Sure. I'll do a similar probably, and you'll see how I do it. Then we'll go to your problem, and apply it. I'll think of a quick one. Got it!
ok thanks :)
I'll make the numbers have decimals, to make it more similar. \[F=(65.3\ [kg])(9.81\ [m/s^2])\]So the units are different, and the numbers are different, but it's still physics. We'll do this: 1. Solve to see what the units are, or I guess we'd say what the unit is. 2. Solve to see what the number is, making sure we have the correct significant figures. 3. Putting them together.
ok :)
So\[F=(65.3\ [kg])(9.81\ [m/s^2])\]\[[units\ of\ F]=[kg][m/s^2]\]\[[units\ of\ F]=\frac{[kg]\ [m]}{[s]^2}\] And kg m / s^2 is actually newtons, N. Like I said, F=ma and so [N]=[kg][m/s^2]. Your equation is like \(K=\frac{1}{2}mv^2\), which is kinetic energy, which is an energy, and it's in joules. So remember that for yours. Next, onto the numbers. Do you know how significant figures work with multiplying and dividing?
yes
So now we look at the numbers, by which I mean\[F=(65.3)(9.81)\] Now that's simple, right? Its \(641.\). I had the same number of sig figs in each number. You always use the lesser amount.

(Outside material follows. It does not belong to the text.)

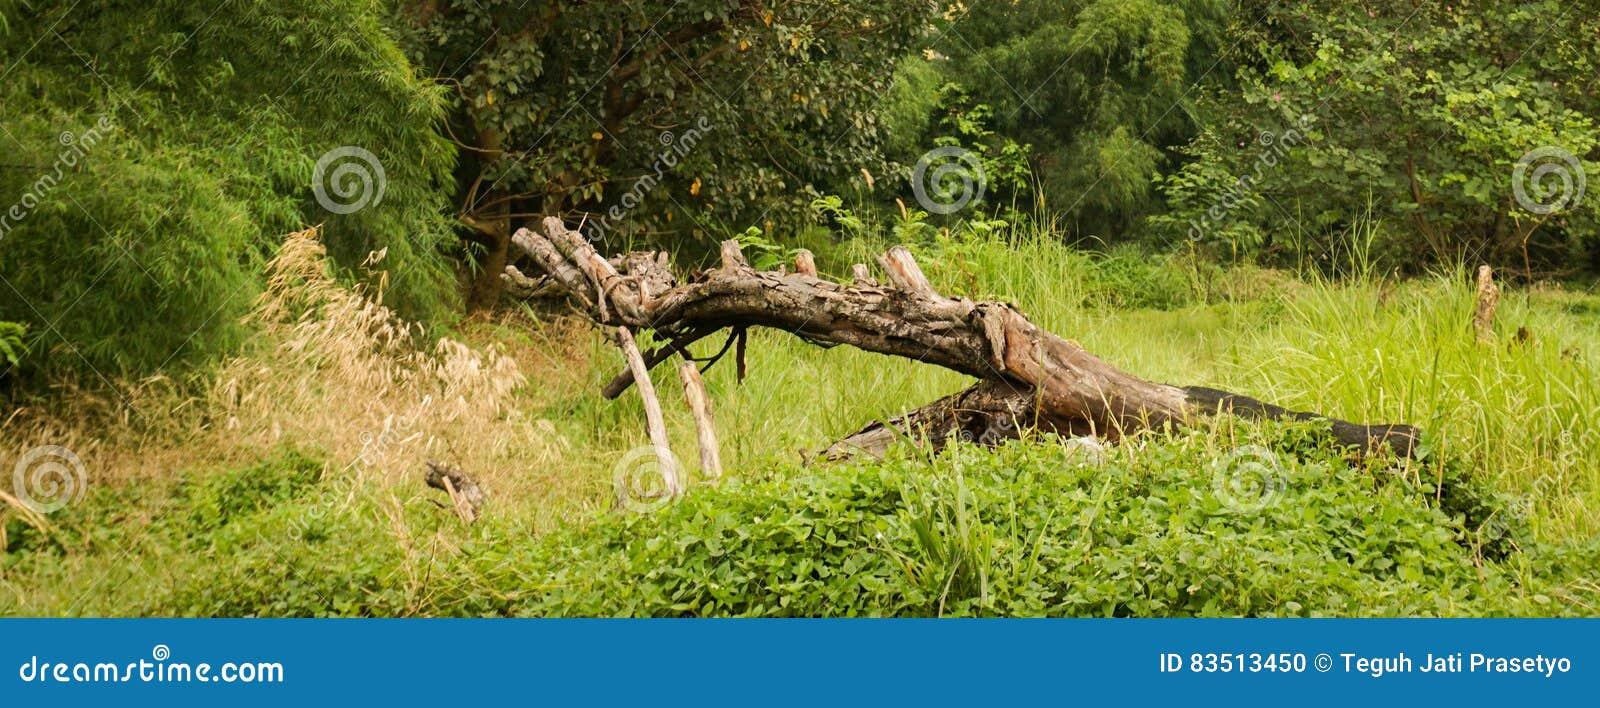 gefallener toter baum mitten in grassyard foto. Black Bedroom Furniture Sets. Home Design Ideas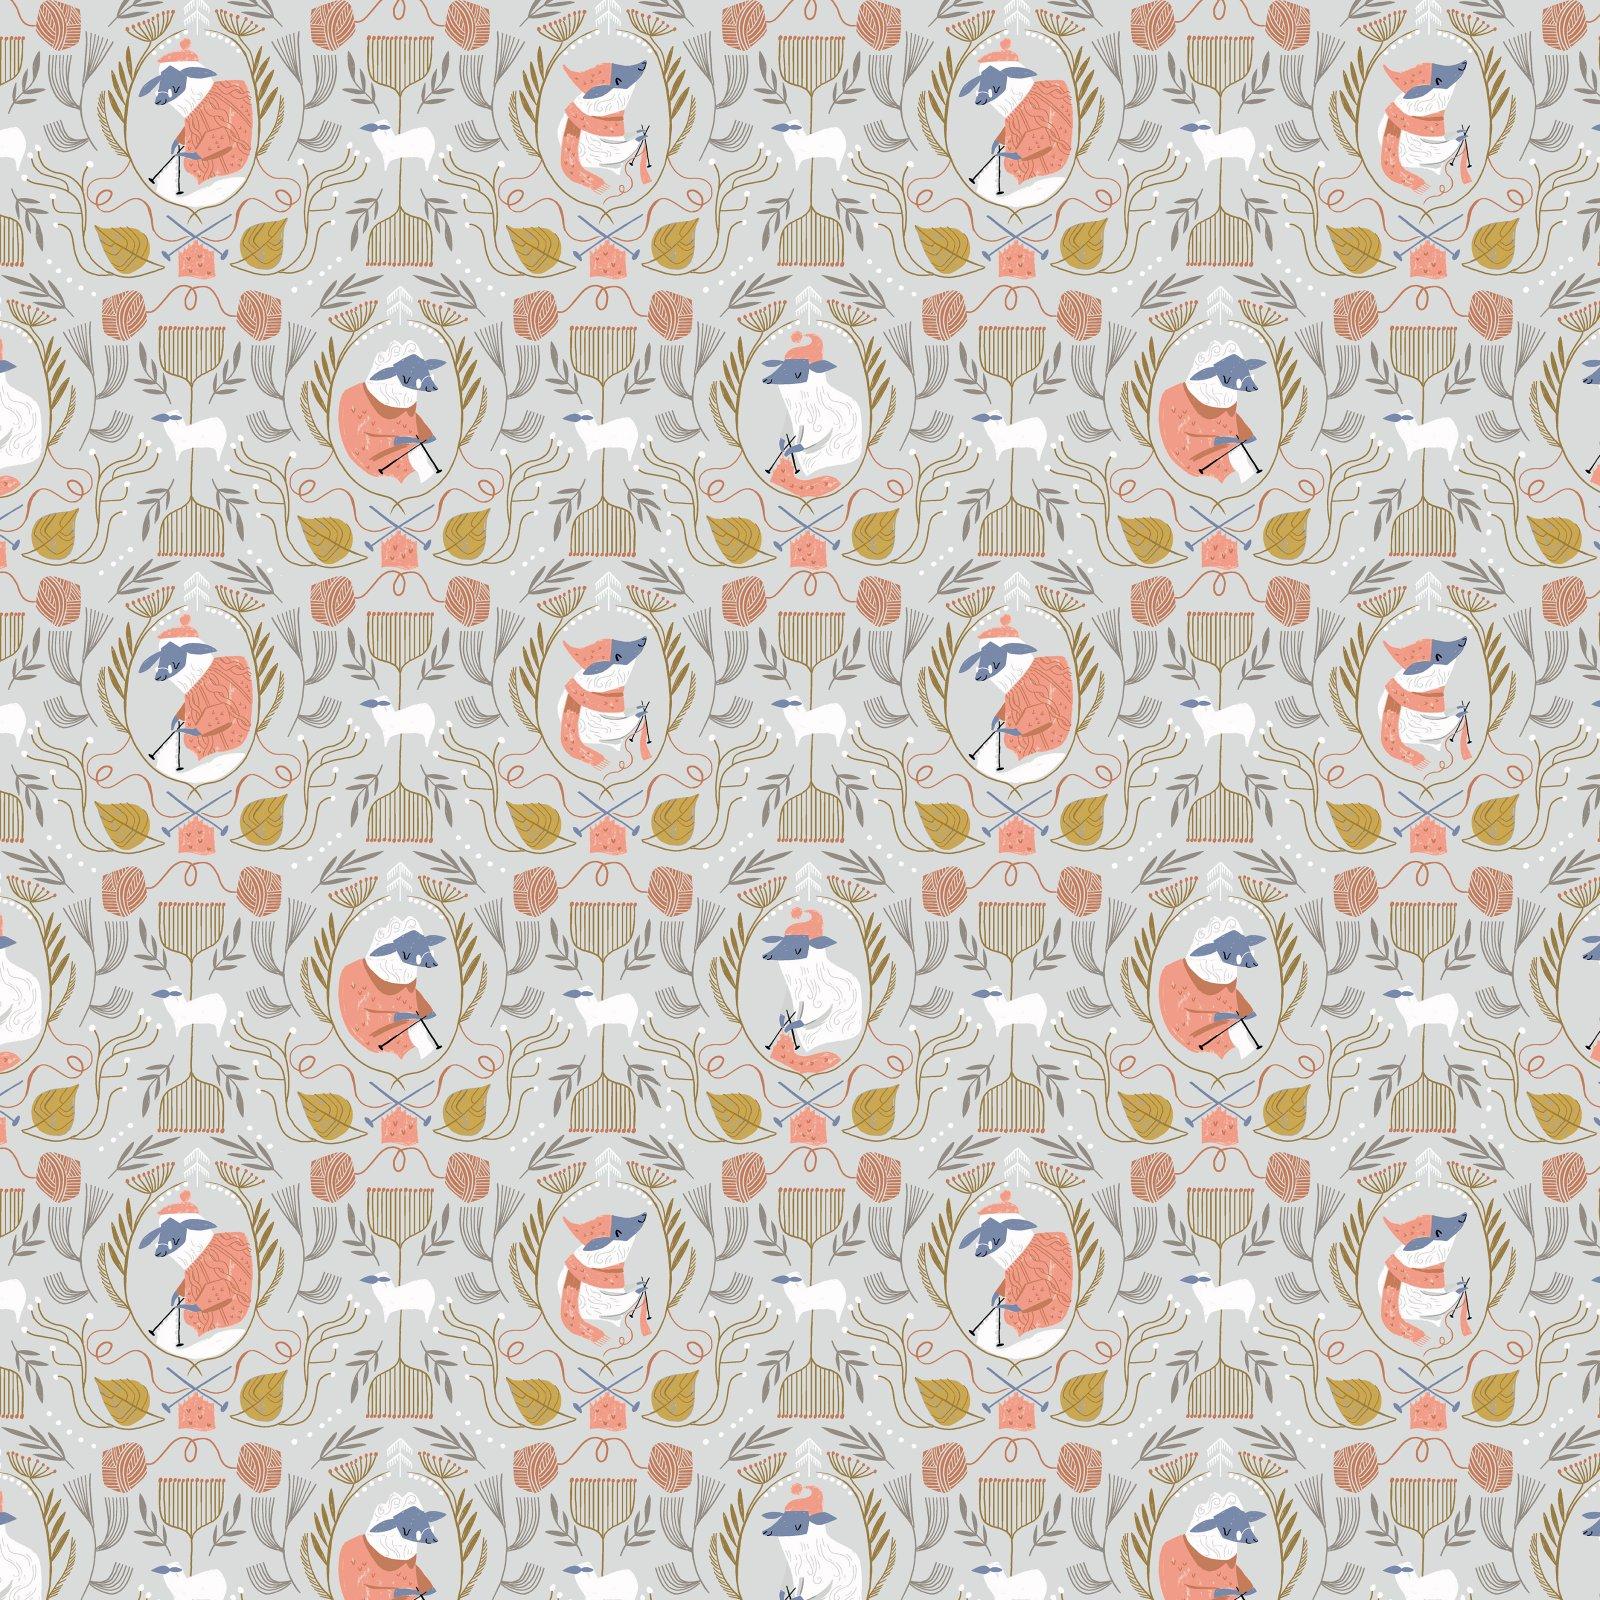 Rae Ritchie Sheepish - Sheepish (Oatmeal)

Now, put the numbers with the units and you have \(641\ [N]\).
so that would be the final answer?
Yup! Now to yours! Your units are \[\frac{[kg]\ [m^2]}{[s^2]}=[J]\]joules. And what is your number?
well for kg we have 3.6*10^2
and for m is 2.32*10^5
You don't actually need to consider the units now. You can look at the numbers on there own! Like, this was my example:\[F=(65.3\ [kg])(9.81\ [m/s^2])\]\[\qquad\qquad\downarrow\]\[F=(65.3)(9.81)\]
so they r 3.6 and 2.32?
You have \[K=\frac{1}{2}(3.6*10^2 [kg]) \ (2.32*10^5 [m/s])^2\] So just take the units away. Actually, here's the text for that equation: K=\frac{1}{2}(3.6*10^2 [kg]) \ (2.32*10^5 [m/s])^2 Erase the "[kg]" and [m/s]. Then post what's left.
"[m/s]"*
ok so it can be 3.6*10^2 and 2.32*10^5
is that right?
Close....
K=\frac{1}{2}(3.6*10^2 [kg]) \ (2.32*10^5 [m/s])^2 Erase the "[kg]" and [m/s]. Then post what's left. You can surround what's left in `\[` and `\]` to make OpenStudy make it look cool!
By doing so, you are no longer considering the units, but just the number amount.
Is that something you'd rather not do?
no its fine. :)
im just trying to figure this out. im kida new at this
Understood! That's when it is the hardest! So here is everything: K=(1/2) (3.6*10^2 [kg]) (2.32*10^5 [m/s] )^2 Erase all the units. What would it be without them?
You can copy and paste that, or type it.
Here's what I mean, but I'll show you with the math feature on here.\[K=\frac{1}{2}(3.6*10^2 \cancel{[kg]}) \ (2.32*10^5 \cancel{[m/s]})^2\]\[K=\frac{1}{2}(3.6*10^2) \ (2.32*10^5)^2\]
\(\it{That's}\) what I meant
And the \(\frac{1}{2}\) is exact, so it won't affect your significant figures.
I have to go. Good luck, and take care! Just remember to use the right number of significant figures.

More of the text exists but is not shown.